10.97 with only a 1.68 60ft its getting major changes now ... that was the old bone stock motor.

coulda shoulda went atleast 10.60 with the right converter.

yeah 6768 dbb billet 4 inch outlet
 
Ok, snowed tonight but got the car out to see where the car spools. Now I dont have a clue on the standard way to do this or any directions. However, cruzing along in 2nd and roll into it the car will start to move the needle from 0 at 3100 rpm. Stop and brake it and same results.. this turbo wants to start building boost at 3100. Roll along and stab it , 3100 it starts making boost, 3500 it has you back in the seat. I have not played with tuning, so alot is in question.
So should I just keep this converter and go with a smaller turbo? Im looking for the seat of the pants, scare the crap out of the passenger ride.......

Dennis
 
Ok, snowed tonight but got the car out to see where the car spools. Now I dont have a clue on the standard way to do this or any directions. However, cruzing along in 2nd and roll into it the car will start to move the needle from 0 at 3100 rpm. Stop and brake it and same results.. this turbo wants to start building boost at 3100. Roll along and stab it , 3100 it starts making boost, 3500 it has you back in the seat. I have not played with tuning, so alot is in question.
So should I just keep this converter and go with a smaller turbo? Im looking for the seat of the pants, scare the crap out of the passenger ride.......

Dennis

Should be able to scare passengers with a quick spooling TA49/TE44.
 
The 44 and 49 are too small for a combo like his. The 70GTQ is a beast at 24 psi. The way it pulls up top will not be duplicated by a unit that small. Even the ramp into boost will feel awkward to him. The car will feel like its restricted. The turbos I would suggest you look at are the Te-45a with a Garrett housing and, the new and expensive Precision 6466dbb. The 6266 and 6262 are little monsters but need to be up around 28-30 psi to be enjoyable to someone use to the big boy units. The smaller units hit harder but dont have the same top end charge. Your converter stalls at like 3100 rpm.
 
I would not recommend anything more than a 6262 based on what youre looking for. It will spool fast and support the mass flow needed to run 133mph and spoolup will be nice. It will complement the cam well too if the flash is in the low 5000's.
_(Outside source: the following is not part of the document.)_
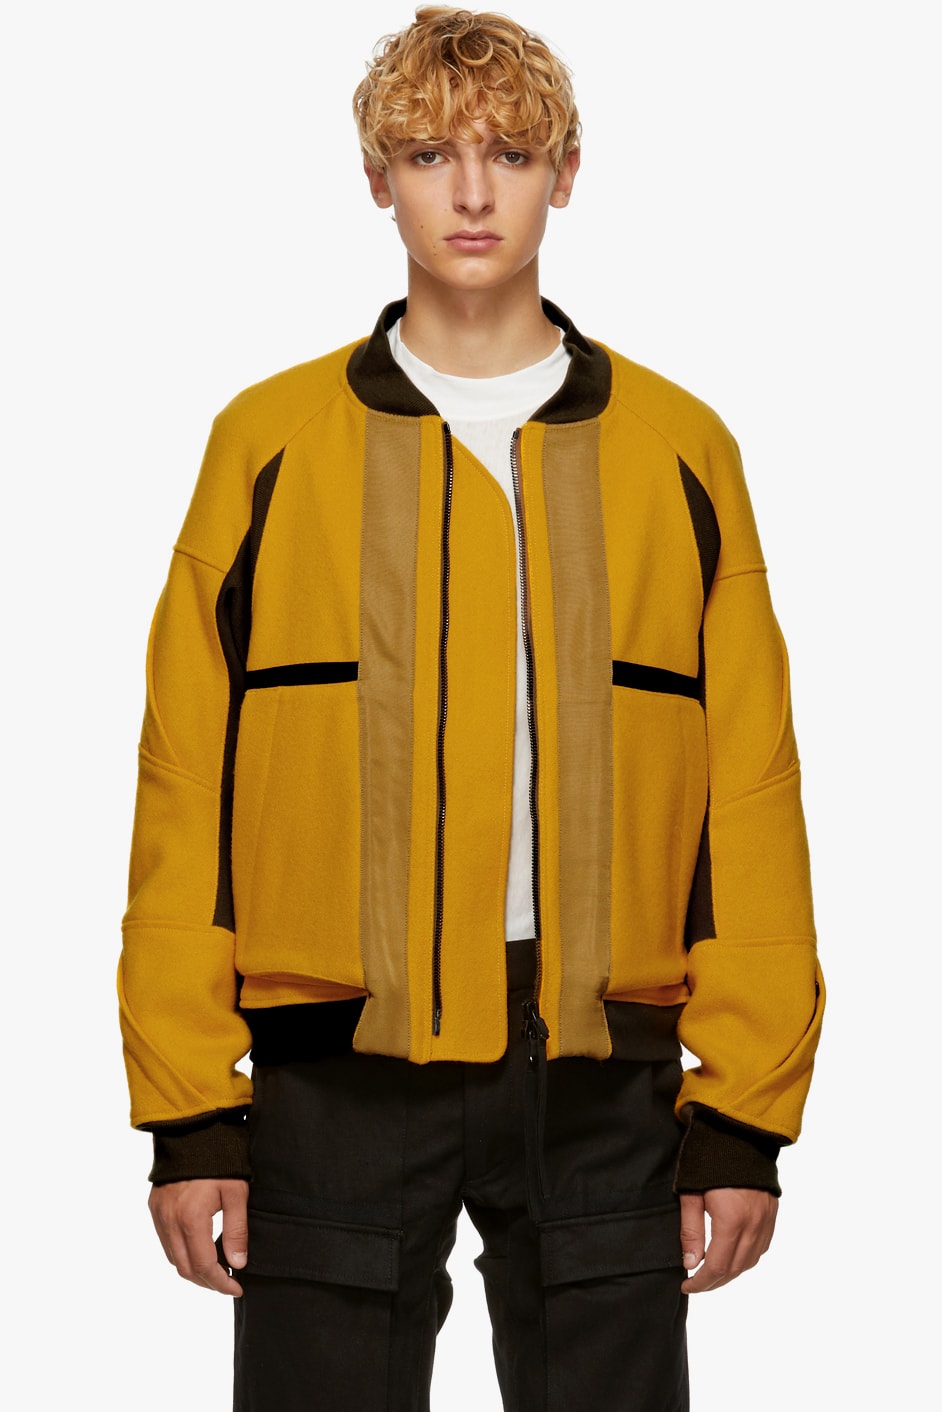 Abasi Rosborough fall winter 2018 ssense exclusive limited 10 pieces flight jacket yellow wool technical new york america outerwear

Im going to have some nice forged milled 62's in a couple weeks and most likely be coupled with a t350 turbine. They will support 700hp easily and spool extremely fast. For guys looking for a little less right now but want more later and want an even faster spoolup they will be available with a .63 garrett ex housing.
 
Sorry Guy, I have been traveling for two weeks and now just getting back to a PC.
Would my current converter spool a 62 turbo?